N.J. Admin. Code § 11:4-54.5

Current through Register Vol. 56, No. 19, October 7, 2024
Section 11:4-54.5 - Permissible benefit exclusions
(a) Following are the only permissible exclusions from the infertility benefit requirements of this subchapter:
1. Reversal of voluntary sterilization.
i. Coverage for infertility services provided to partners of persons who have successfully reversed sterilization may not be excluded provided that the partner is infertile as defined by P.L. 2001, c. 236 and this subchapter;
2. Payment for medical services rendered to a surrogate for purposes of childbearing where the surrogate is not covered by the carrier's policy or contract;
3. Costs associated with cryopreservation and storage of sperm, eggs and embryos;
4. Nonmedical costs of an egg or sperm donor.

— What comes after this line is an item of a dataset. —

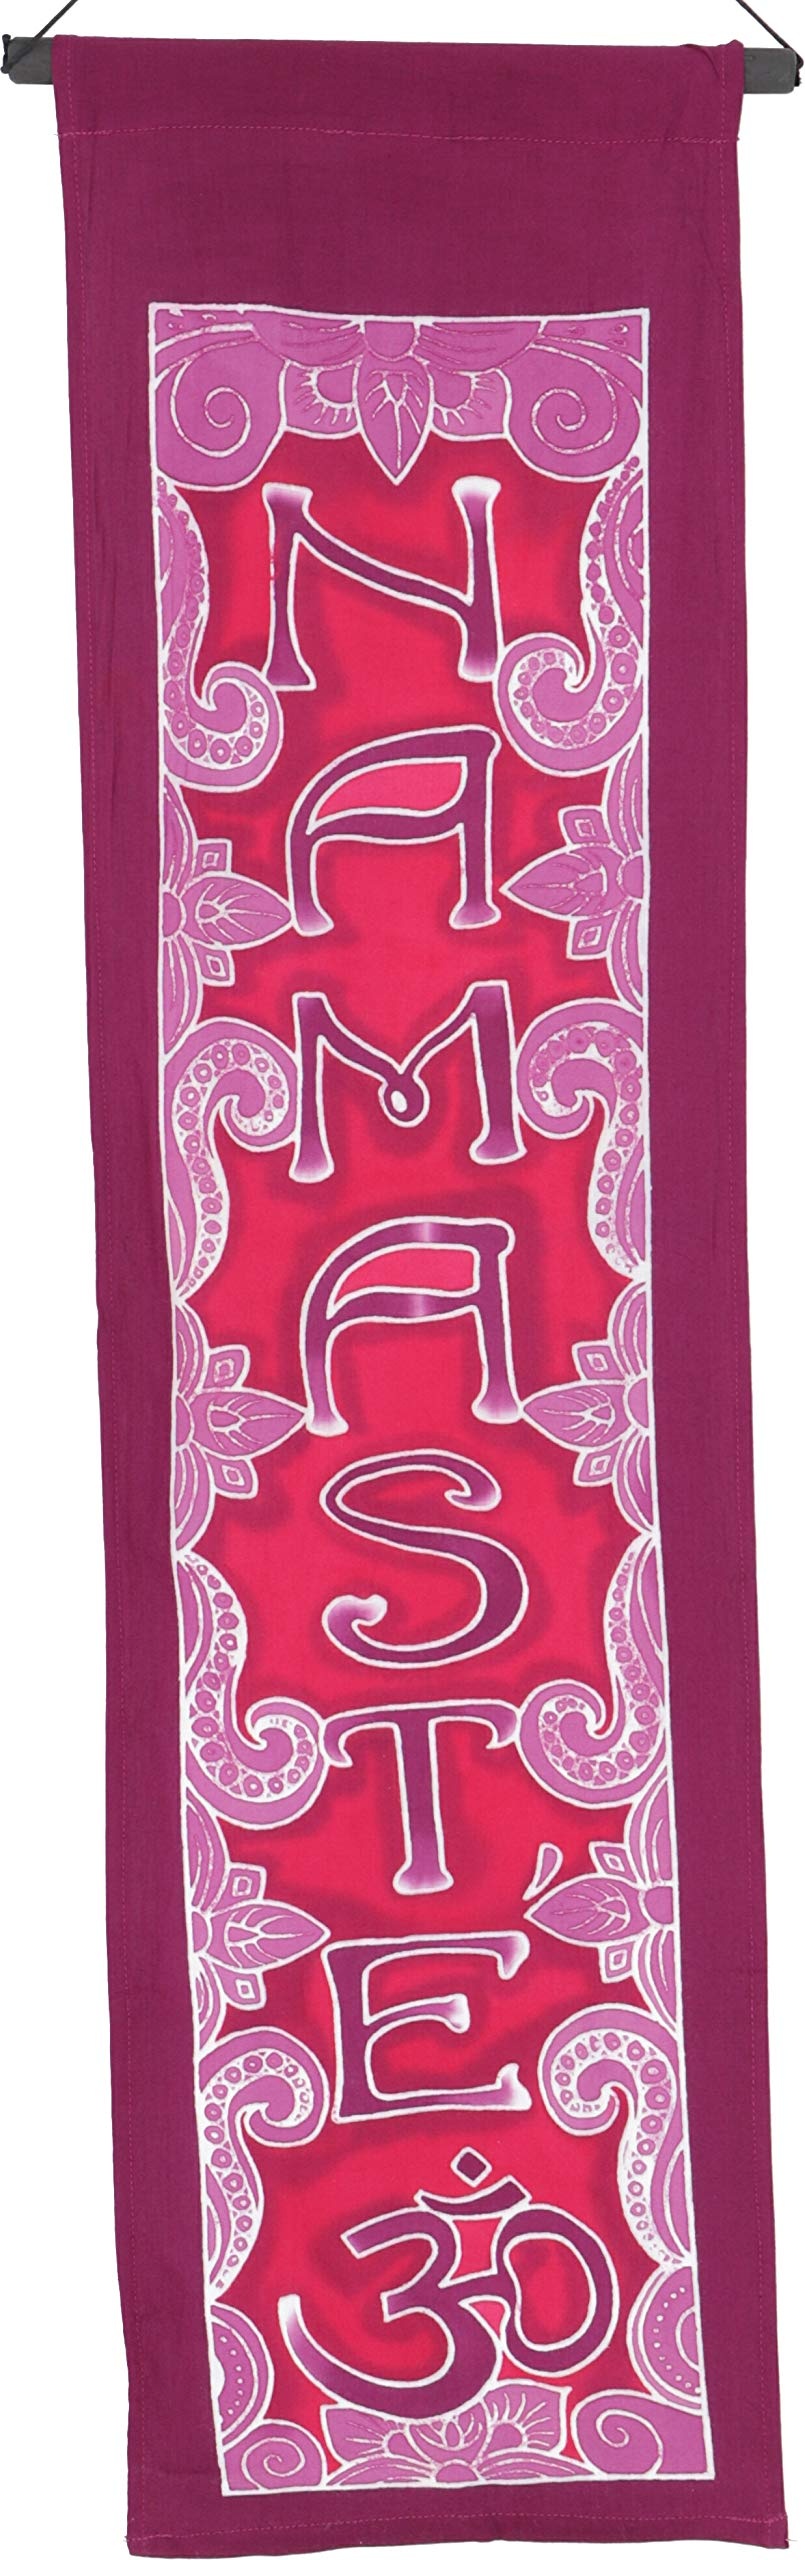 GURU SHOP Boho Wandbehang, Batik Wandschmuck - Namaste Pink, Viskose, 90x30x0,2 cm, Wandtaschen & Wandbehänge

Medical costs of donors, including office visits, medications, laboratory and radiological procedures and retrieval, shall be covered until the donor is released from treatment by the reproductive endocrinologist;
5. Infertility treatments that are experimental or investigational in nature;
6. Ovulation kits and sperm testing kits and supplies;
7. In vitro fertilization, gamete intrafallopian tube transfer, and zygote intrafallopian tube transfer for persons who have not used all reasonable less expensive and medically appropriate treatments for infertility, who have exceeded the limit of four covered completed egg retrievals, or who are 46 years of age or older; and
8. Group policies, contracts, riders and endorsements that provide hospital or medical benefits, other than policies or contracts that provide prescription drug benefits only, may provide that infertility medication benefits are excluded if infertility medication benefits are provided under another group health insurance policy or contract issued to the same policyholder or contractholder.